3-2. Characteristics and their influence on machining

(1) The hardness is 1.5~2.0 times higher than the workpiece material, which can replace the front tool face for cutting, protecting the cutting edge and reducing the wear of the front tool face. However, the debris falling off when the debris flows through the tool-workpiece contact area will cause wear on the tool back tool face.

(2) After the formation of chip nodules, the working Angle of the tool increases significantly, which plays a positive role in reducing chip deformation and cutting force.

(3) Because the chip nodules protrude outside the cutting edge, the actual cutting depth increases, affecting the dimensional accuracy of the workpiece.

(4) Chip nodules will cause a "furrow" phenomenon on the workpiece surface and affect the roughness of the workpiece surface.

(5) The debris will bond or embed into the workpiece surface, causing hard points and affecting the quality of the workpiece's processed surface.
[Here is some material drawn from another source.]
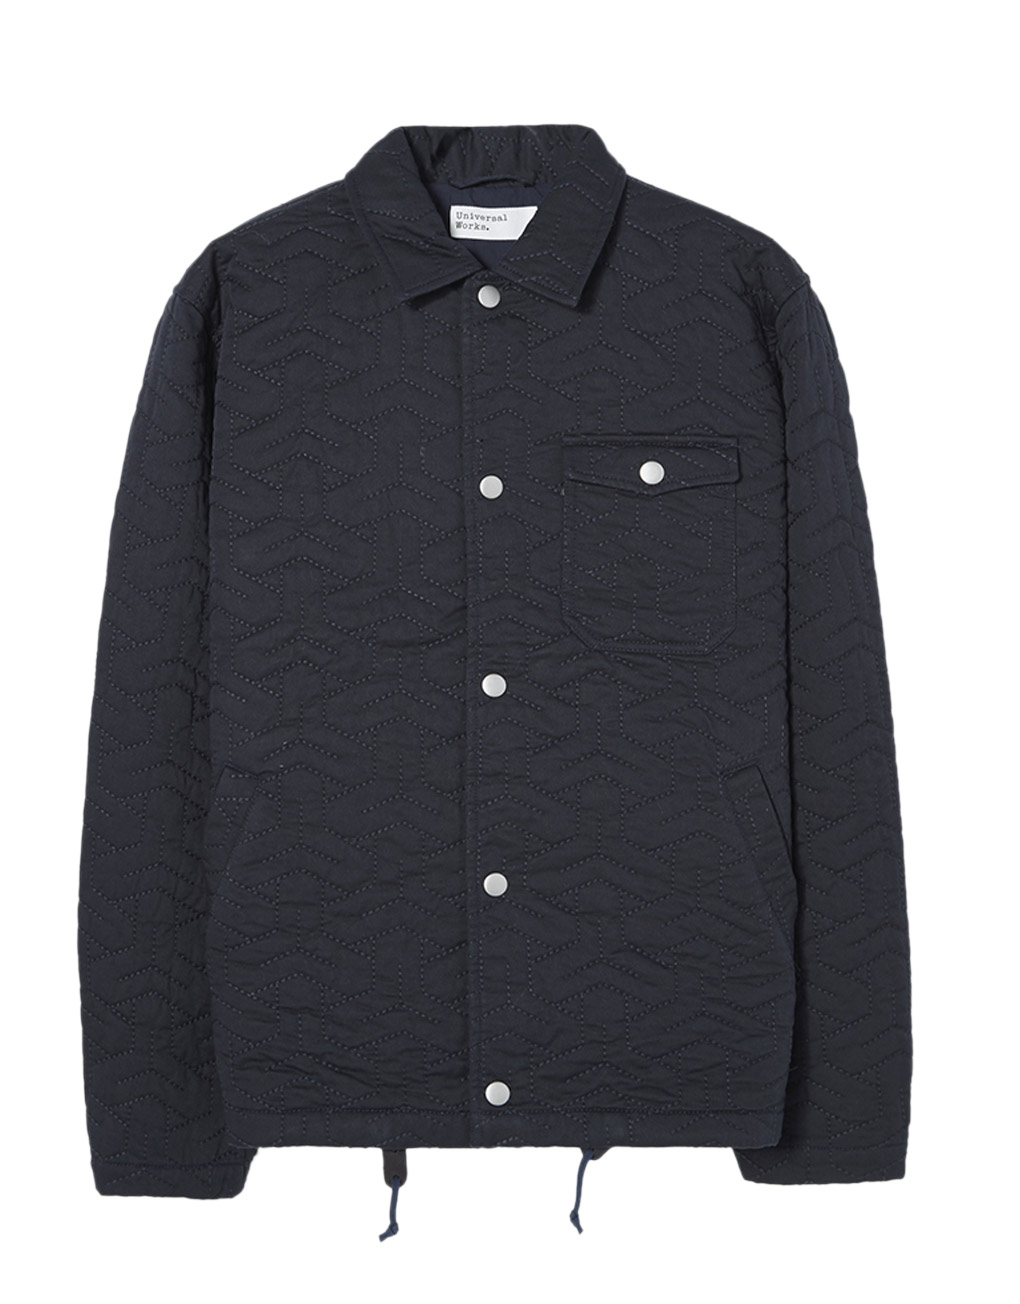 Universal Works – Coach jacket in sashiko quilt twill navy

From the above analysis, we can see that chip nodules are unfavorable to cutting, especially finishing.

3-3. Control measures

Do not make the chip bottom material and the front cutter surface bonding or deformation strengthening, which can avoid the generation of debris nodular to this day can take the following measures.

(1) Reduce the roughness of the front tool surface. 

(2) Increase the front Angle of the tool. 

(3) Reduce the cutting thickness. 

(4) Adopt low-speed or high-speed cutting to form chip nodules to avoid the easy cutting speed. 

(5) Appropriate heat treatment of the workpiece material to improve its hardness and reduce plasticity. 

(6) The cutting fluid with good anti-bonding performance (such as extreme pressure cutting fluid containing sulfur and chlorine) is used.